**Source data:**

------------------------------------------------------------------------

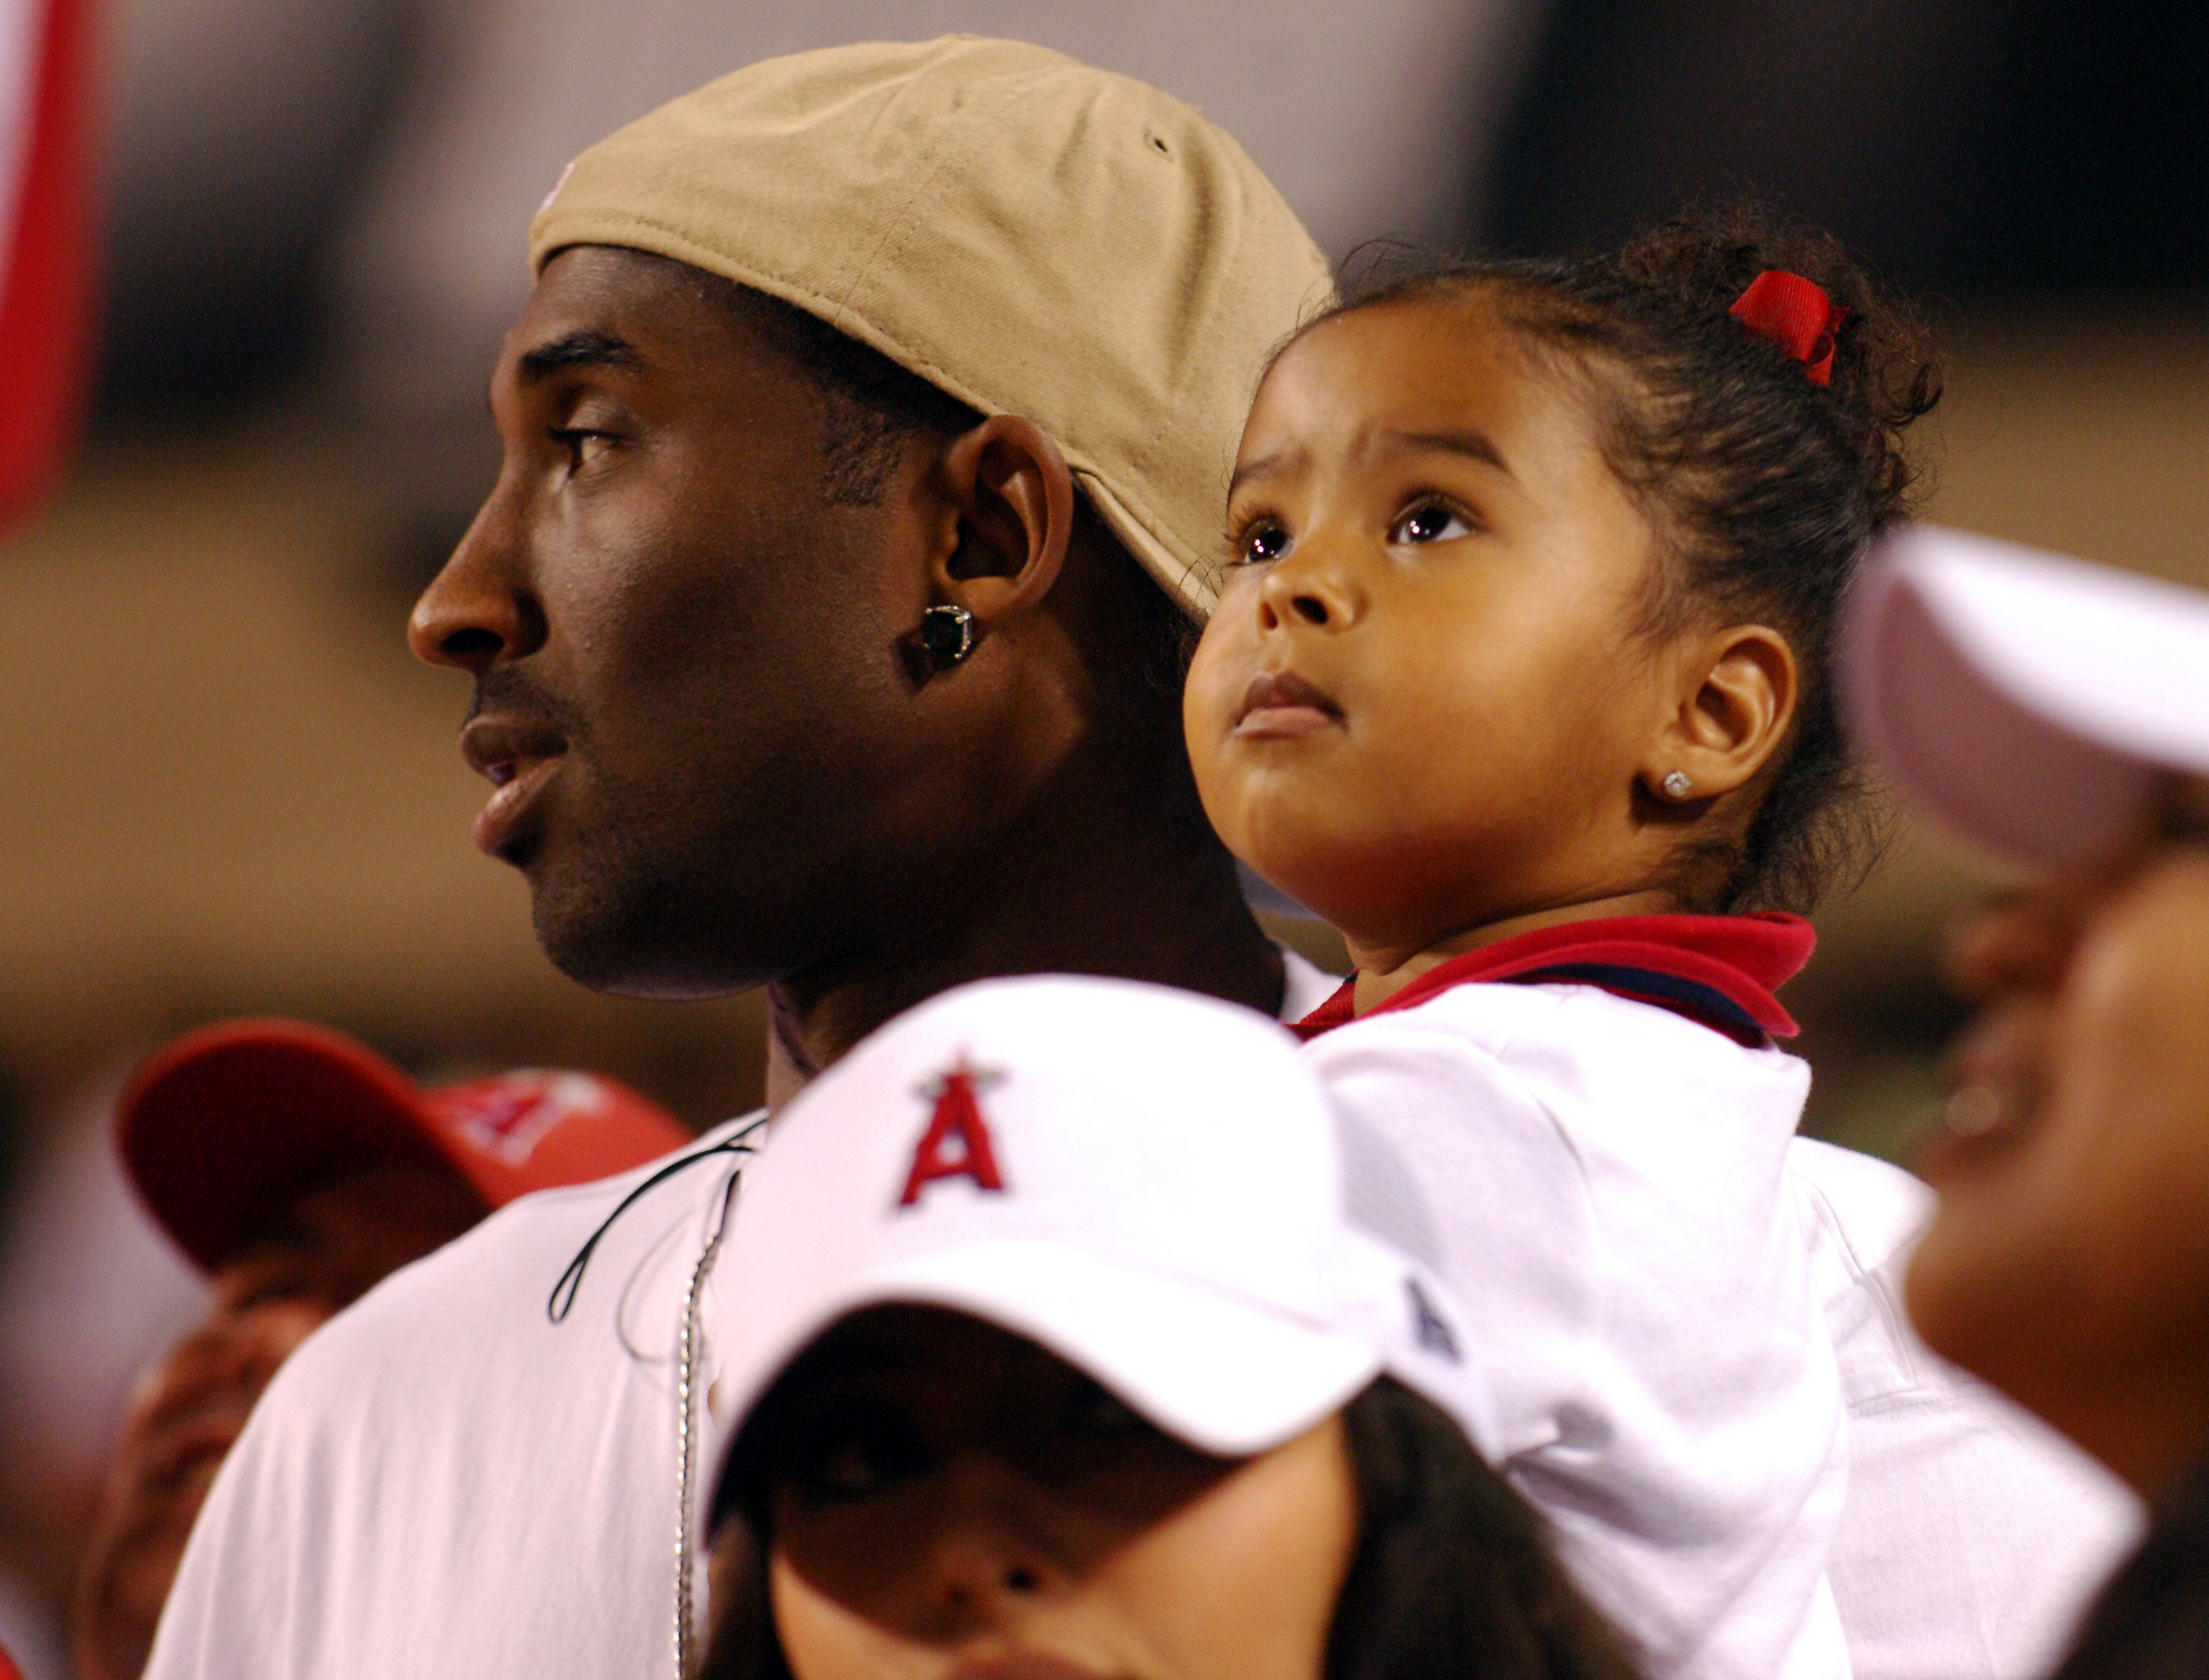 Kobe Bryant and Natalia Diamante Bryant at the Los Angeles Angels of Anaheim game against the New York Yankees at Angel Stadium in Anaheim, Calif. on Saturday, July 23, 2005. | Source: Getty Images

------------------------------------------------------------------------

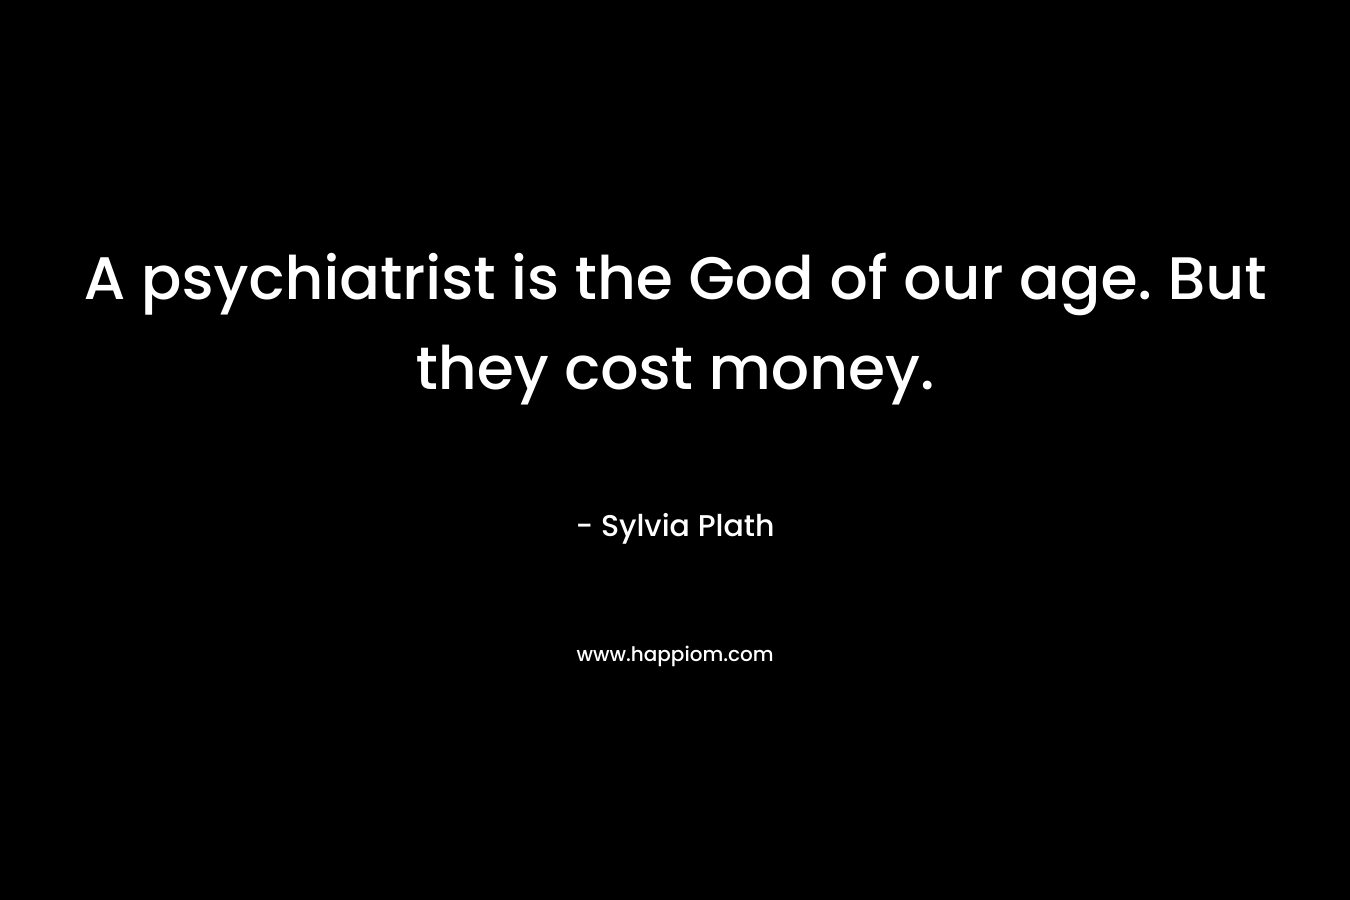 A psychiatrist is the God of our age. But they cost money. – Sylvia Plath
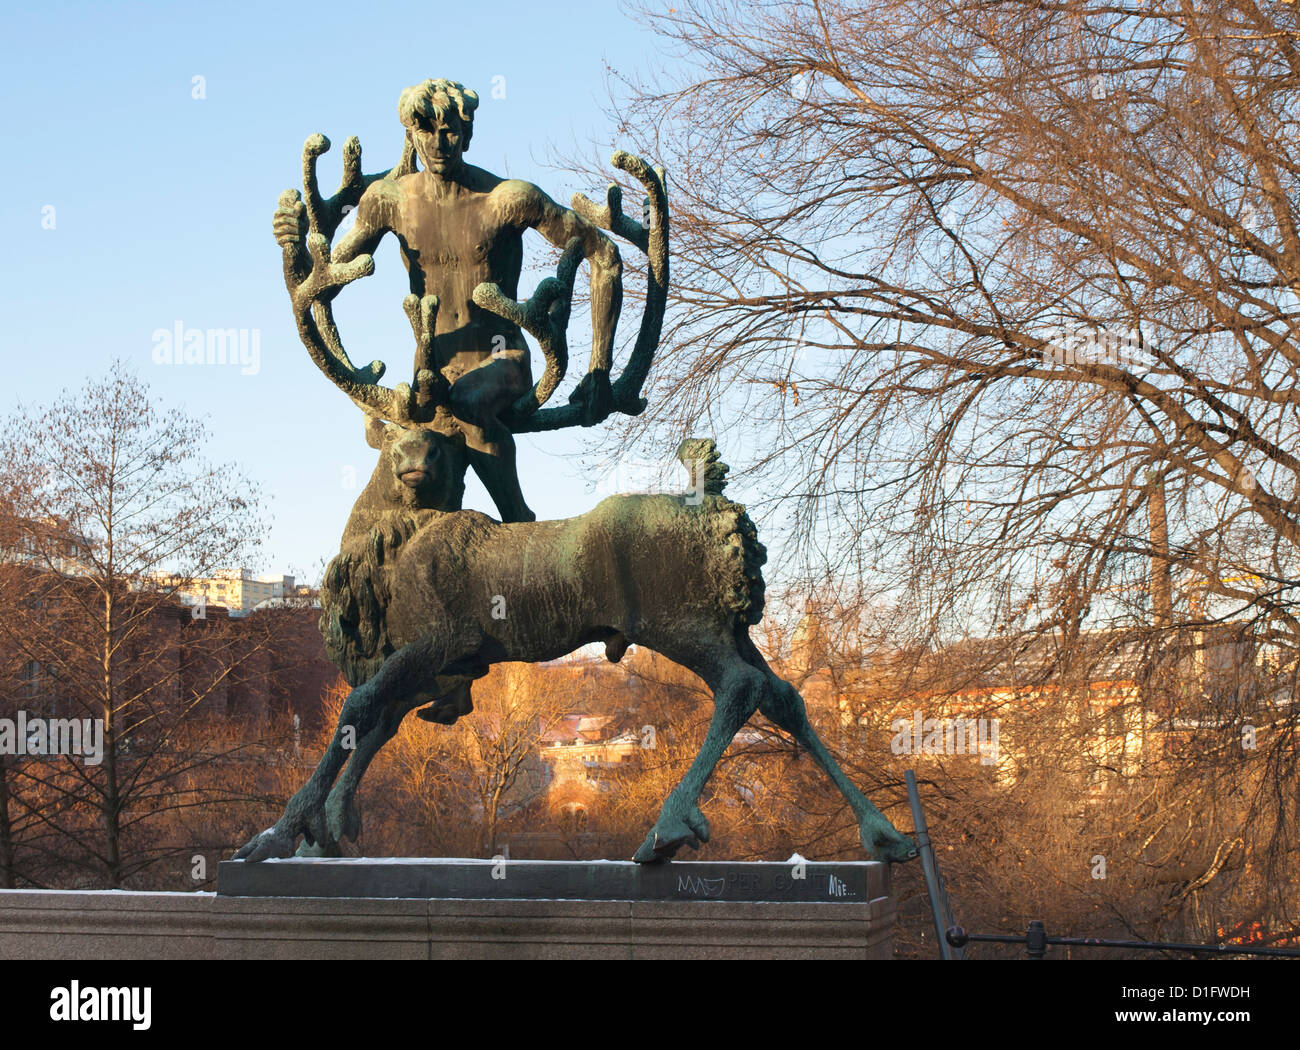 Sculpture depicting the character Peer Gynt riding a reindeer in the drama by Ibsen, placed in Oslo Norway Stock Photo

------------------------------------------------------------------------

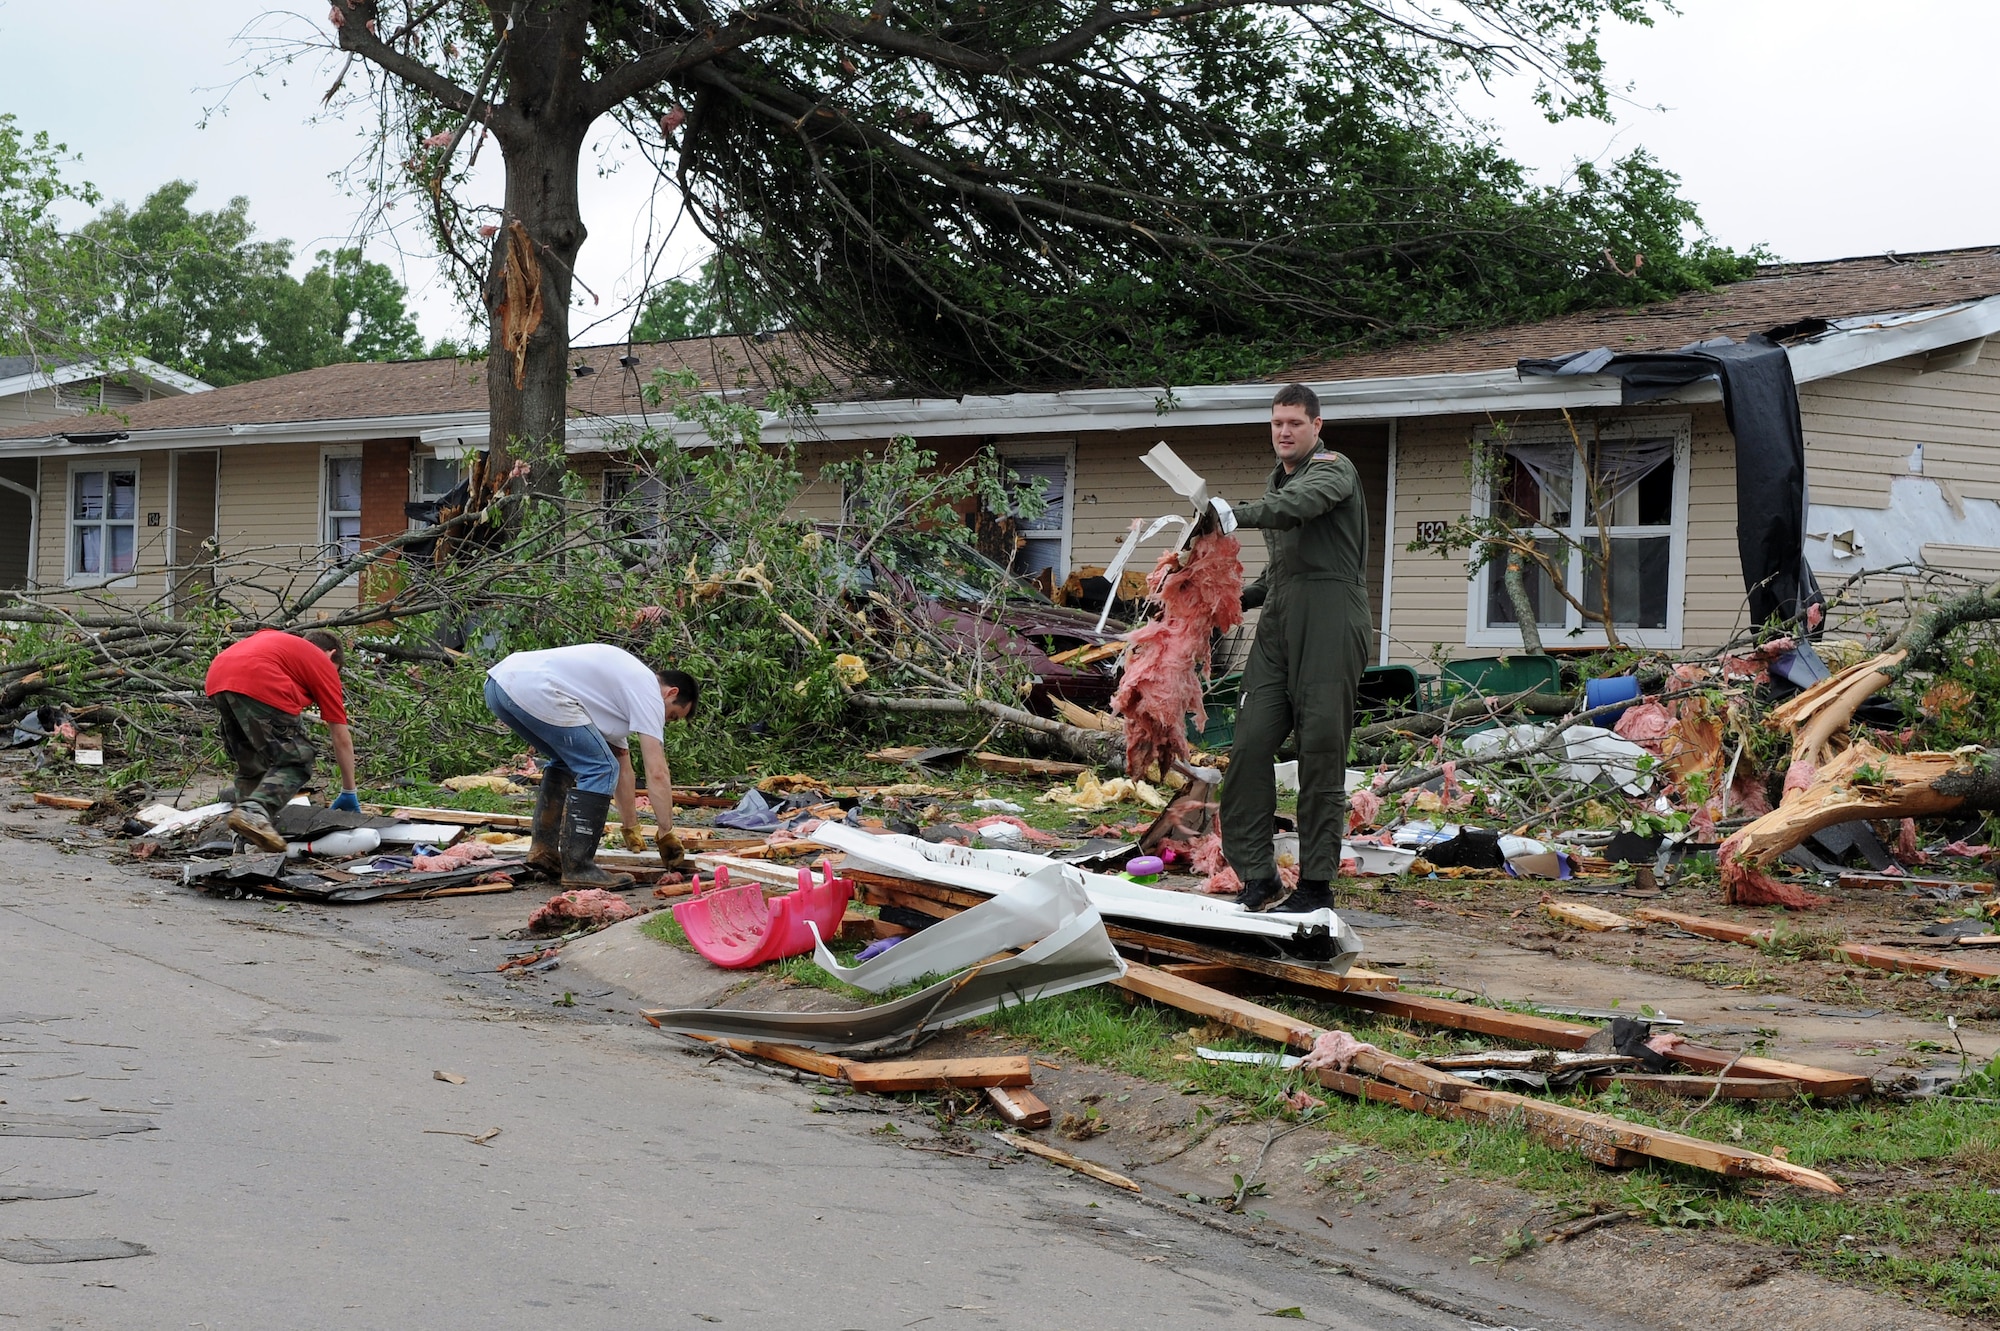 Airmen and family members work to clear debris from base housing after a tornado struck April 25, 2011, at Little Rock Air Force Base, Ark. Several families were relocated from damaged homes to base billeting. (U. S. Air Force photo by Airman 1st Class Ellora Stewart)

------------------------------------------------------------------------

Copy the listing above exactly, but only from the line with "A psychiatrist is" through the line with "Sculpture depicting the", including those two lines and excluding any picture.

**Exercise answer:**
 A psychiatrist is the God of our age. But they cost money. – Sylvia Plath
 Sculpture depicting the character Peer Gynt riding a reindeer in the drama by Ibsen, placed in Oslo Norway Stock Photo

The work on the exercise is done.